I am a 25-year-old bi female with a bi male partner. My boyfriend likes stuff up his butt—really likes it. I am continually shocked by his ability and willingness to take on new challenges in this department. After a few months of playing with plugs and vibrators, I asked him if he would be up for pegging. He responded enthusiastically.

Our first attempt gave me a real appreciation for what guys do—all that thrusting isn't as easy as it looks! My boyfriend appreciated my efforts, but he wants me to thrust faster, deeper, and harder. Basically, he wants to be fucked like he's my prison bitch. Is this kind of "rough" anal sex safe? Everything I've read about anal sex says to take it slow and easy. I want to give him what he wants, but I don't want to hurt him.

Timid Top In Tacoma

"Sounds to me like TTIT hasn't seen much gay fisting porn," says Violet Blue—blogger, columnist, and author of The Adventurous Couple's Guide to Strap-On Sex, just published by Cleis Press. "Once she sees what looks like guys parking backhoes in each other's butts, she'll realize just how resilient this little cavity can be."

But first, a few words about pegging—aka strap-on sex—for recent high-school graduates and other new readers of this column. Once upon a time, women were doing guys in their asses with strap-on dildos and it was good. But when a guy wanted to ask for it, or a girl wanted to propose it, they had to say, "Hey, would you be willing to do me/would you let me do you in the ass with a strap-on dildo?" Annoyed by this mouthful, a Savage Love reader suggested that I harness the collective wisdom of my readers and come up with a name for girls fucking guys' butts, and "pegging" won. It's crisp, clean, and easily conjugated: He asked her to peg him; she loves pegging him; they pegged all night long.

However, while my readers christened the term pegging, they didn't invent the act. "Pegging started showing up in porn circa 1970 and became an increasingly popular sex act for straight kids once strap-on harnesses became commercially available in the 1990s," says Violet. "As I explain in my book, strap-on sex was so misunderstood by mainstream porn producers that indie-porn companies made films like Bend Over Boyfriend," which walked couples through the mechanics of pegging, while at the same time demonstrating just how hot it could be.

But hip porn, commercially available harnesses, and catchy names can't account for the boom in girl-on-boy anal sex, can they? What's driving the pegging craze? "Perhaps straight guys are more interested in having women play with their asses because of increased awareness about prostate health," says Violet. "Or maybe, guys are just more comfortable and confident about their heterosexuality."

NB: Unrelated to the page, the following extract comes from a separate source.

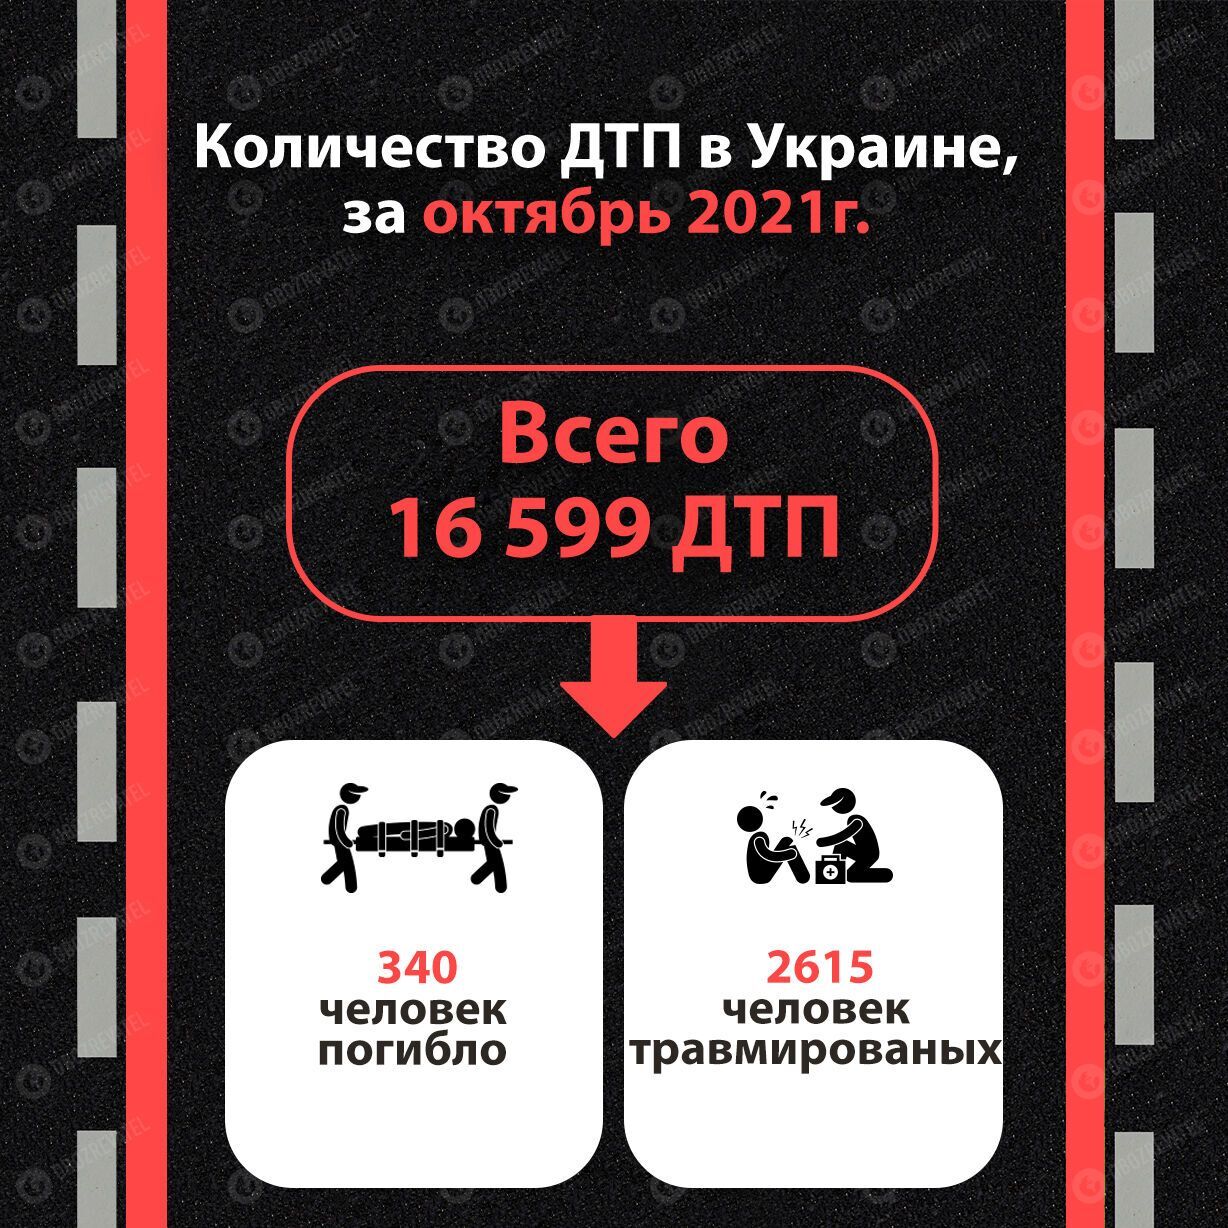 Статистика ДТП в Украине за октябрь 2021

So more and more guys like it—but what about guys who like it rough? "TTIT should take it slow and easy at first," says Violet, "until her guy indicates that he's ready for more, and then she should certainly give it to him. She should use LOTS of lube—she may want to invest in a lube syringe, which is what those ass athletes in porn use. But she's the guardian of his anal safety at all times and should pay close attention and proceed carefully."


I've been dating a wonderful guy for a year. Two months into our relationship, he expressed his desire to be penetrated. We bought a strap-on, and he sucked my new dick and I pegged him. Honestly, it turned me on as much as it did him. Then he started talking about wanting to suck a real dick. I was okay with having a threesome with a trusted bi guy friend who could pay us equal attention. It went well and we all had fun.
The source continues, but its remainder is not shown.